Hi all went to the Mach Loop on Thursday a few shots from the day 
1.








2.








3.








4.









Thanks for looking :thumb:


----------



## SBerlyn (Nov 9, 2008)

Oh wow!


----------



## Benniboy (May 14, 2009)

Very very nice photo's 

Favourite being No. 2

:thumb:


----------



## Serious (Mar 19, 2008)

MARKETMAN said:


> Thanks for looking :thumb:


Thanks for sharing.

Nice shooting.


----------



## Cliff (Mar 4, 2007)

Nice pics :thumb:


----------



## mk2jon (Mar 10, 2009)

fantastic photos


----------



## kenny wilson (Oct 28, 2008)

Fantastic shots fella, incredible panning skills :thumb:


----------



## Stu-pot (Feb 10, 2009)

Whats the Mach loop? Can anyone go there?


----------



## Lump (Nov 6, 2008)

been a while since i was up there. and if you get the right day you see loads. i still love the Tornado's great pics fella


----------



## philworrall (Nov 17, 2006)

And for some, this is what they call working for a living.

I am doing something wrong!


----------



## rallyman1978 (Aug 8, 2007)

Fantastic - absolutely bloody fantastic!


----------



## mattsbmw (Jul 20, 2008)

Those pictures are awesome


----------



## Method Man (Aug 28, 2009)

Ohhhhh yesssss! I'm liking those.

Brilliant.


----------



## Franco50 (Feb 5, 2008)

Great pics mate. :thumb:
For those of us not in the know, where is this 'Mach Loop'?


----------



## bretti_kivi (Apr 22, 2008)

google it, it's round by Machynlleth IIRC.

Nice shots.

Bret


----------



## minimadgriff (Jul 8, 2007)

excellent!


----------



## Scott Harris (Nov 20, 2007)

Those are awesome pictures !


----------



## Geetarman (Apr 22, 2007)

Bit of info on it if anyones interested:

The Wales low level training area is known as LFA7 and consists of arteries of valleys joining together and forming a large roundabout north of Machalynyth - hence the name Mach loop.

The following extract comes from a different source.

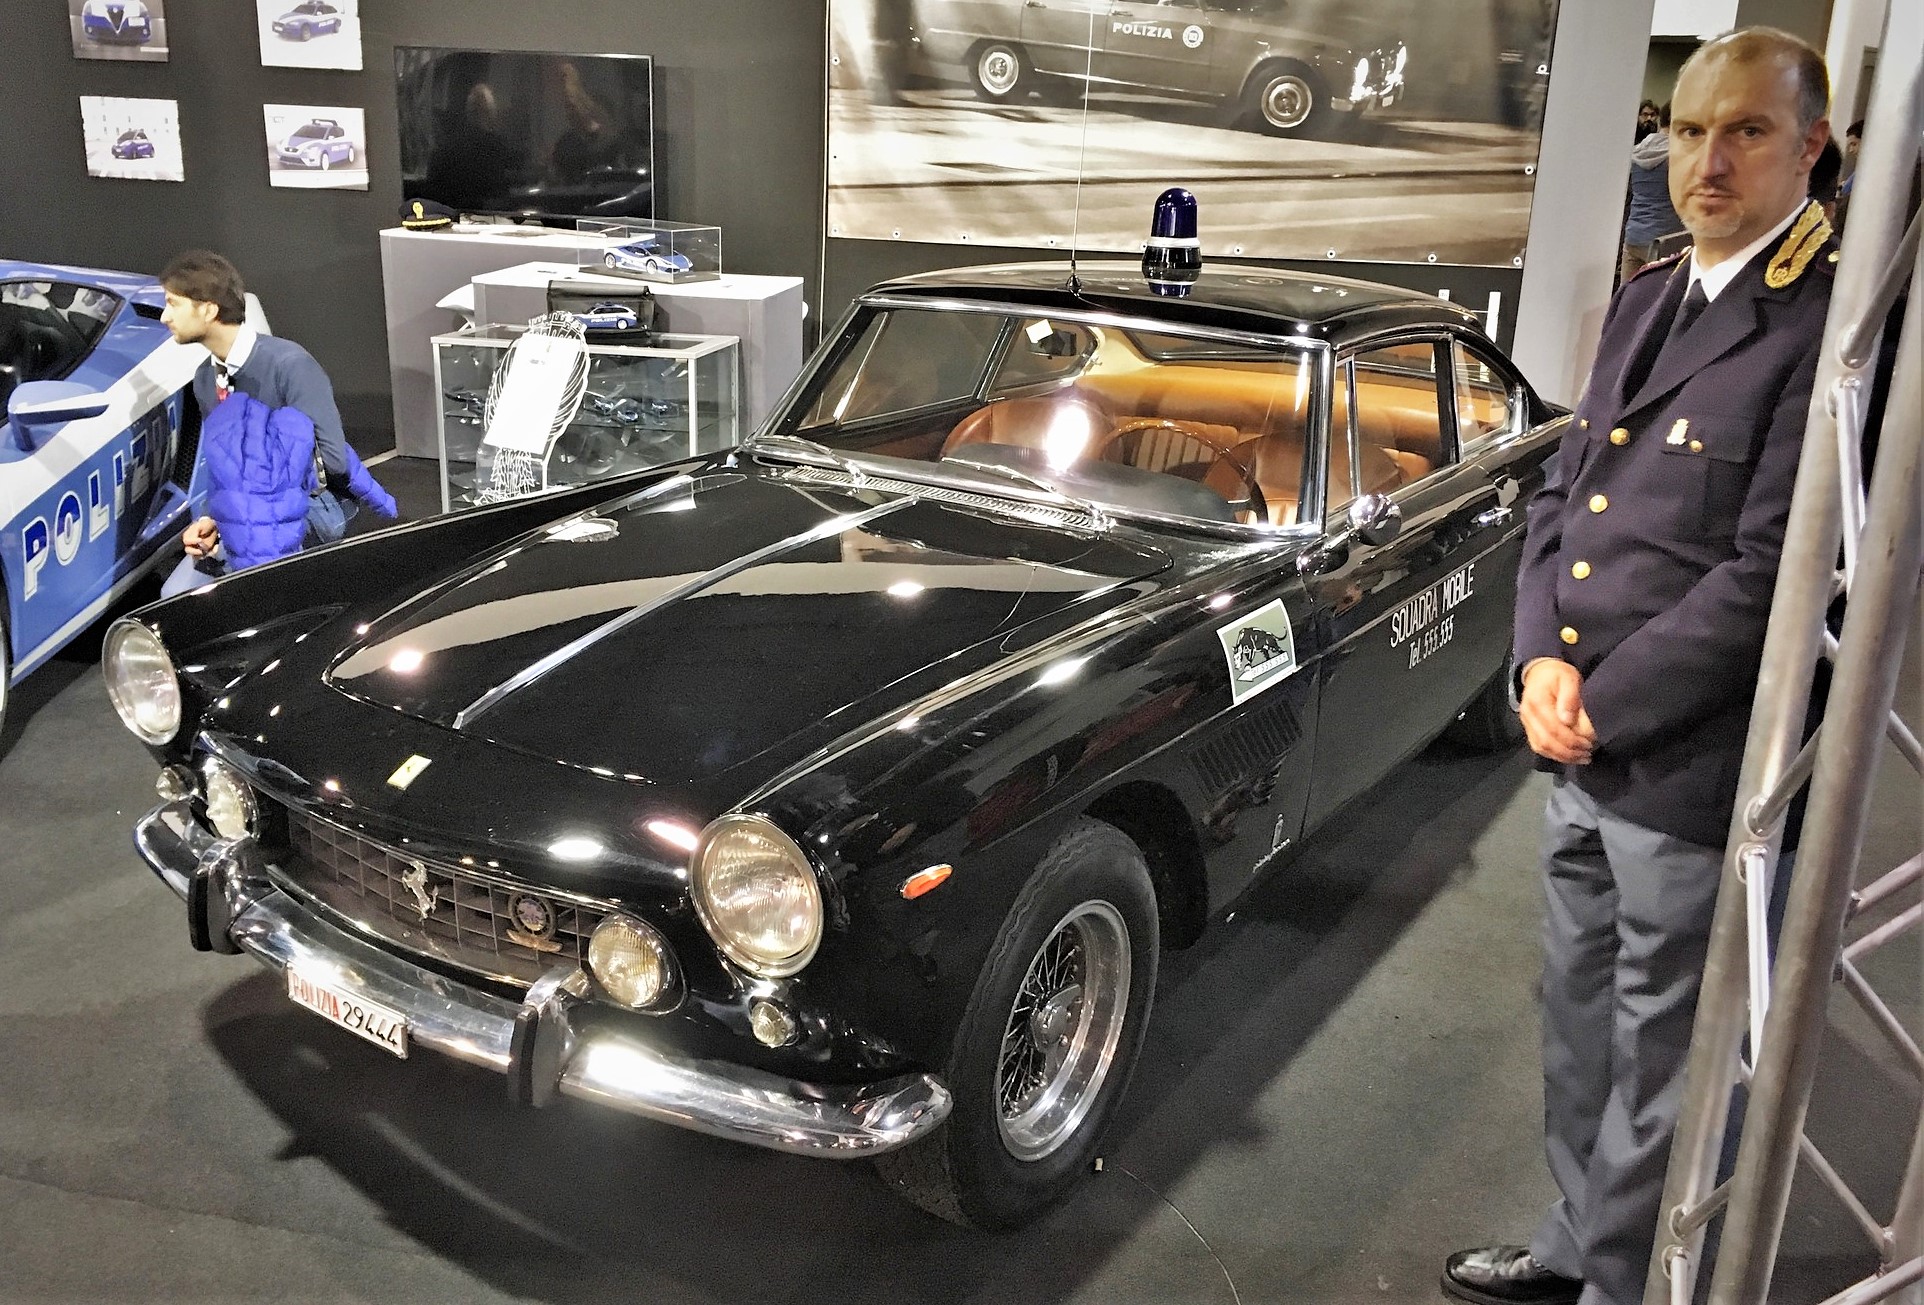 , Fairest of the Fiera: The best of Padova, ClassicCars.com Journal

http://lowfly.net/index.html


----------



## lego_man (Mar 29, 2007)

Awesome:thumb:


----------



## Naddy37 (Oct 27, 2005)

Get the right shot etc, you get the pilots waving to you.


----------



## Neil_S (Oct 26, 2005)

Got to get myself to that spot in the future, awesome!


----------



## Phil H (May 14, 2006)

Nice photos, I have actually done that twice in the Hawk (Photo 1) and had a go flying it. Awesome


----------



## SuperchargedLlama (Apr 25, 2008)

Lovely shots! I do love a good set of plane pics


----------



## BENJY (Oct 26, 2005)

Great shots i like no.4:thumb:



Phil H said:


> Nice photos, I have actually done that twice in the Hawk (Photo 1) and had a go flying it. Awesome


Luck sod how did you manage to do that?


----------



## ChrisJD (Apr 15, 2009)

Fantastic photos, really well caught.

Chris.


----------



## Fraser (Sep 2, 2009)

Great photo's mate. Will hopefully be me training in one of those hawks in a year or so.


----------



## pooma (Apr 12, 2008)

WOW, cracking pics:thumb:


----------